Restate each line of the listing exactly, without carrying over any pictures.

- Given information -
============

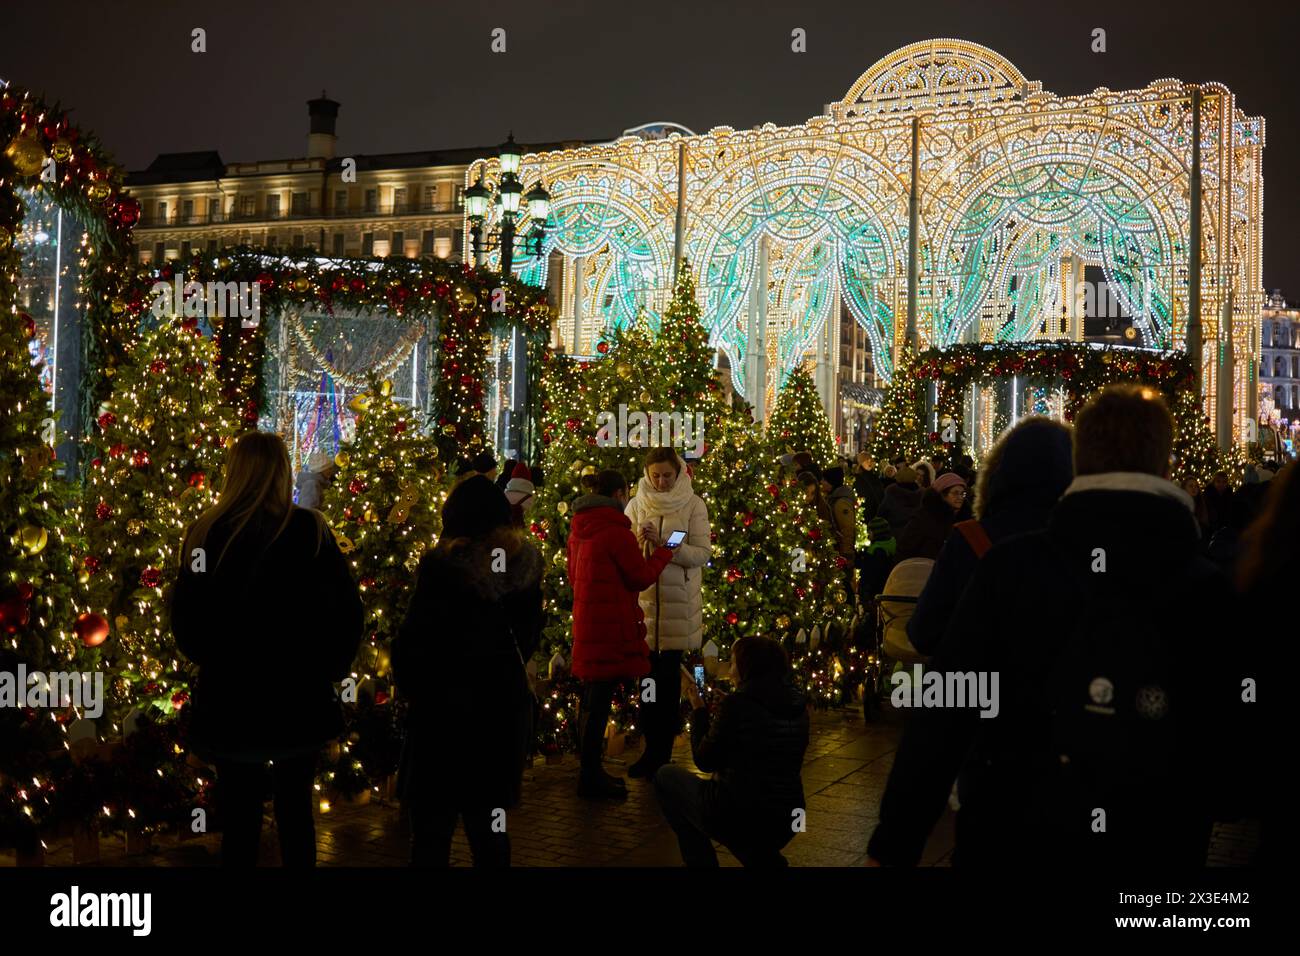 MOSCOU, RUSSIE - 3 janvier 2018 : les gens marchent parmi les arbres de noël décorés et les objets d'art illuminés sur la place Manezhnaya pendant Noël et le nouvel an Banque D'Images
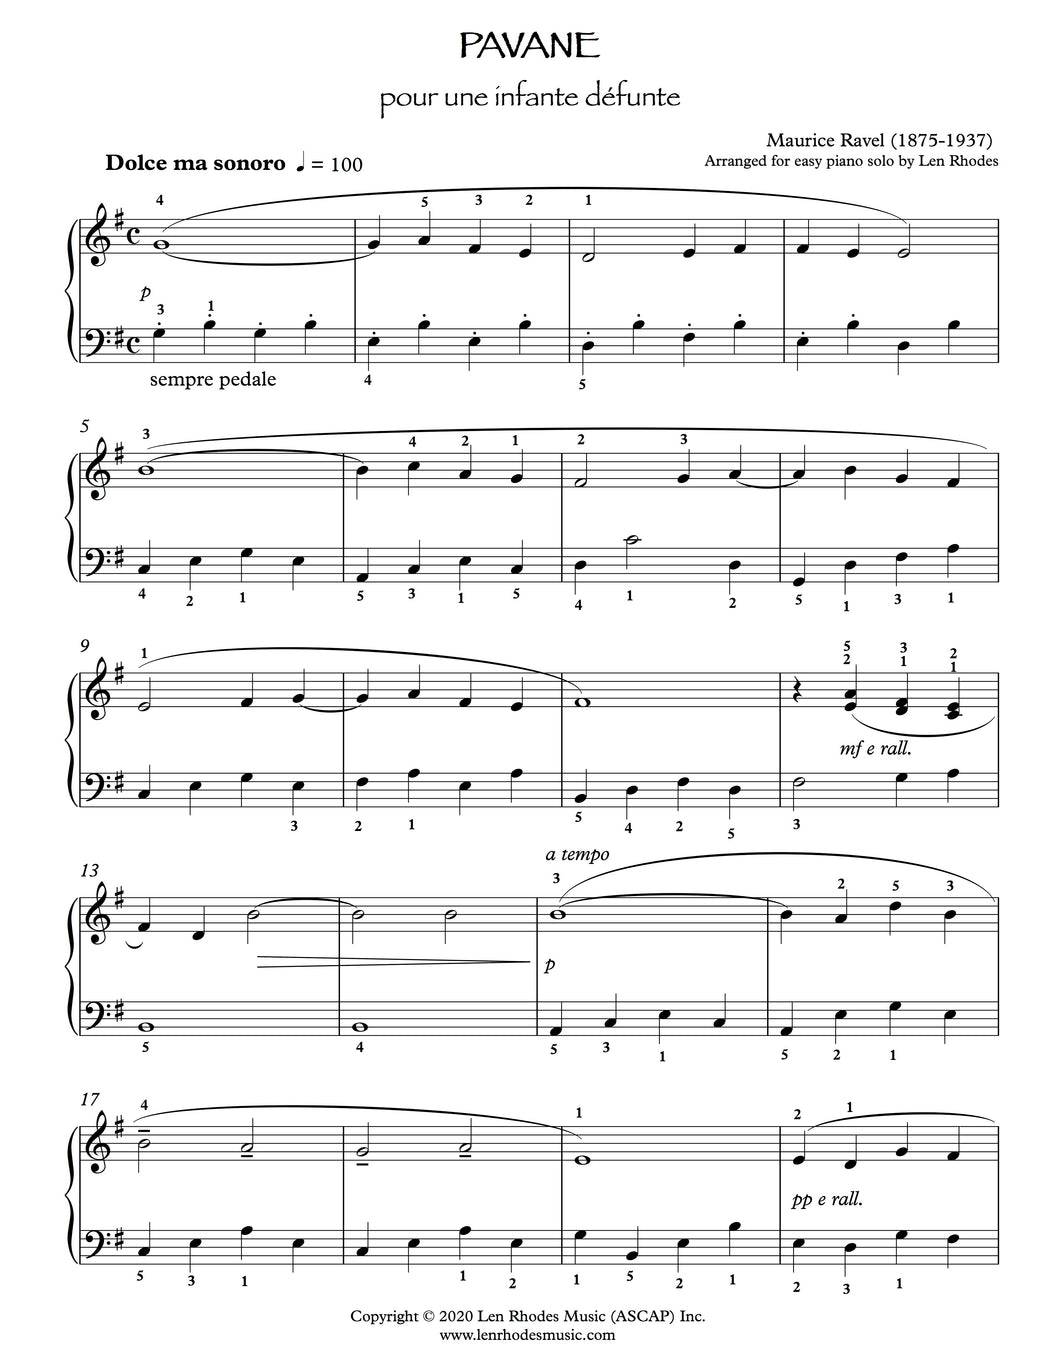 Pavane pour une enfante défunte, Ravel - easy Piano
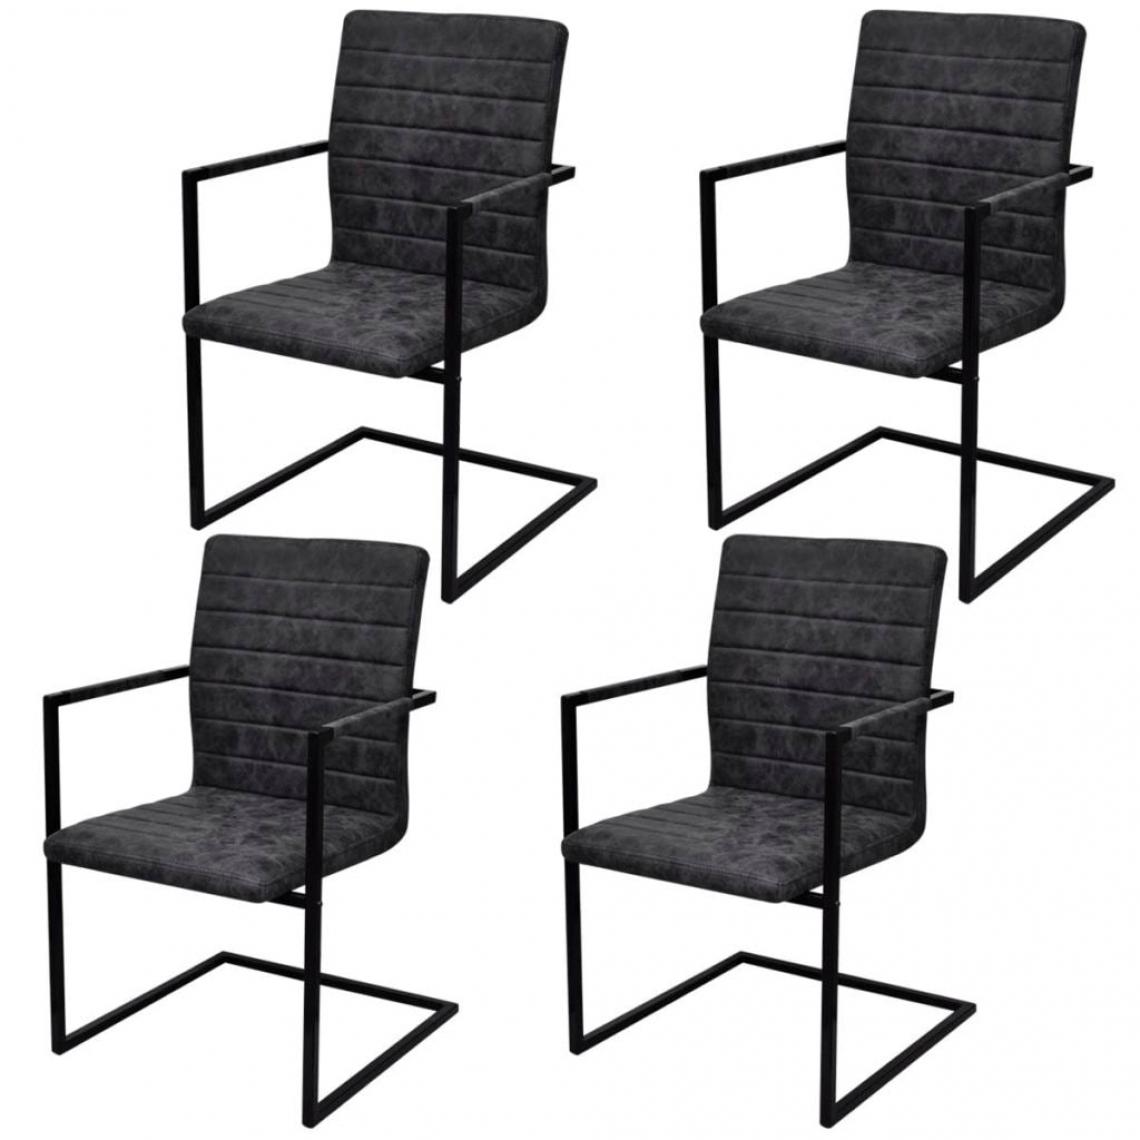 Decoshop26 - Lot de 4 chaises de salle à manger cuisine cantilever design moderne similicuir noir CDS021419 - Chaises

============

- Reply to the task -
 MOSCOU, RUSSIE - 3 janvier 2018 : les gens marchent parmi les arbres de noël décorés et les objets d'art illuminés sur la place Manezhnaya pendant Noël et le nouvel an Banque D'Images
 Pavane pour une enfante défunte, Ravel - easy Piano
 Decoshop26 - Lot de 4 chaises de salle à manger cuisine cantilever design moderne similicuir noir CDS021419 - Chaises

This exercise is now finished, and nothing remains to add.